This Sunday the New York Times magazine ran a cover story called Understanding the Anxious Mind that cites clinical findings and experts who believe that some infants as young as four months old show signs of anxiety that might foreshadow the nervous, timid, risk-averse adults they will grow into. I’m fascinated by psychological experiments run on children that give us an insight into human intellligence, personality, and self-regulation. I have blogged twice (here and here) about two simple tests you can run on your own child and that experts believe are fairly accurate predictors of future success. The NY Times piece contains a number of interesting nuggets for attentive parents to take note of:
- A number of long-term studies are coming to similar conclusions that temperament is inborn, and that psychologists who run experiments on children are finding what they call a “long shadow of temperament.”

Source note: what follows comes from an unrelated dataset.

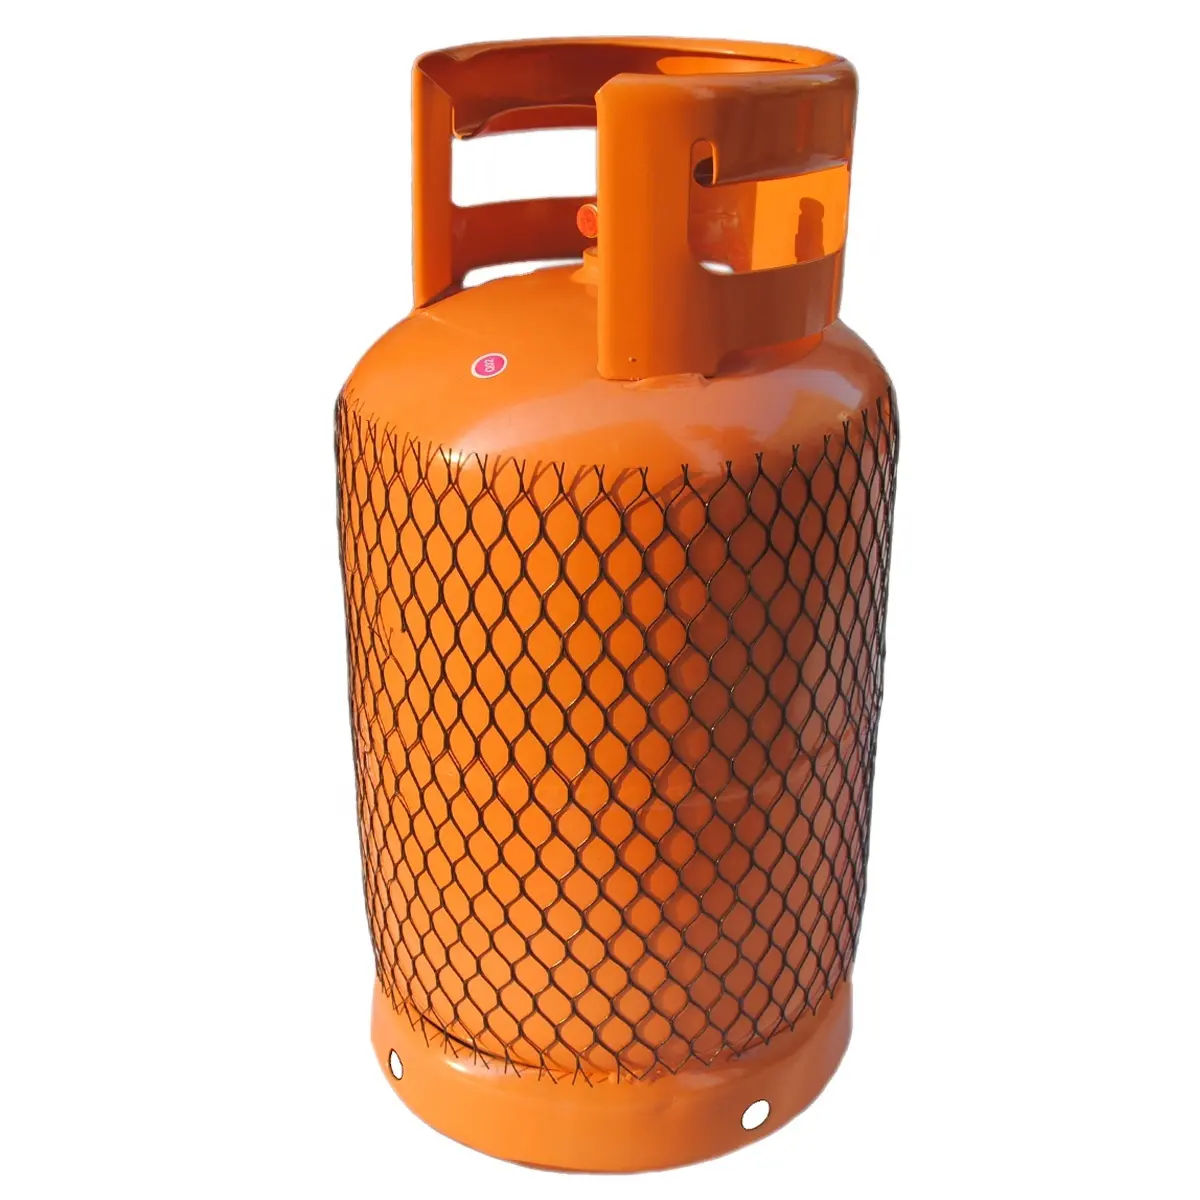 CNJG Nigeria — bouteille de gaz vide 12.5kg, cylindre de gaz gpl à usage domestique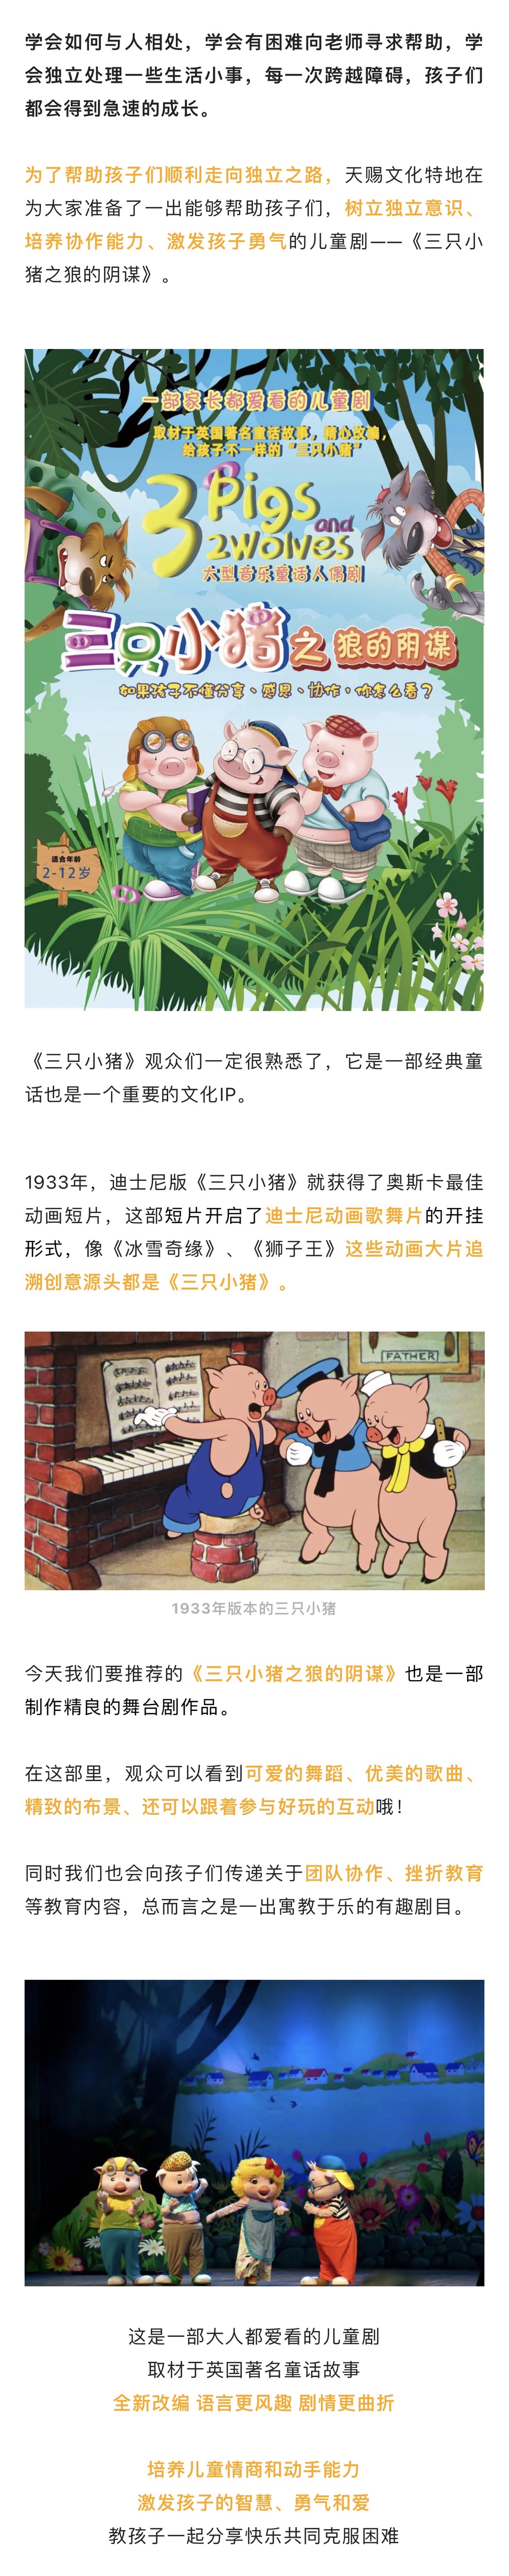 2022【天赐文化】丨大型童话音乐互动人偶剧《三只小猪之狼的阴谋》-广州站

- What kind of experiments can measure anxiety? This one, run on adults, sounds brilliant: subjects were told to look at a computer screen that could be either blue or green. If the screen was blue, then subjects were told they would get a small blast of air directed at their windpipe that would not be painful but perhaps startling. When the screen was green, that was the safe screen and nothing negative would occur. What happened? The easy-going people when viewing the safe green screen relaxed. The anxious people continued to perspire and show signs of concern even when they were looking at the safe screen. Why? Though they were looking at the green, they were still worried that blue was just around the corner and the startling blast of air would soon follow.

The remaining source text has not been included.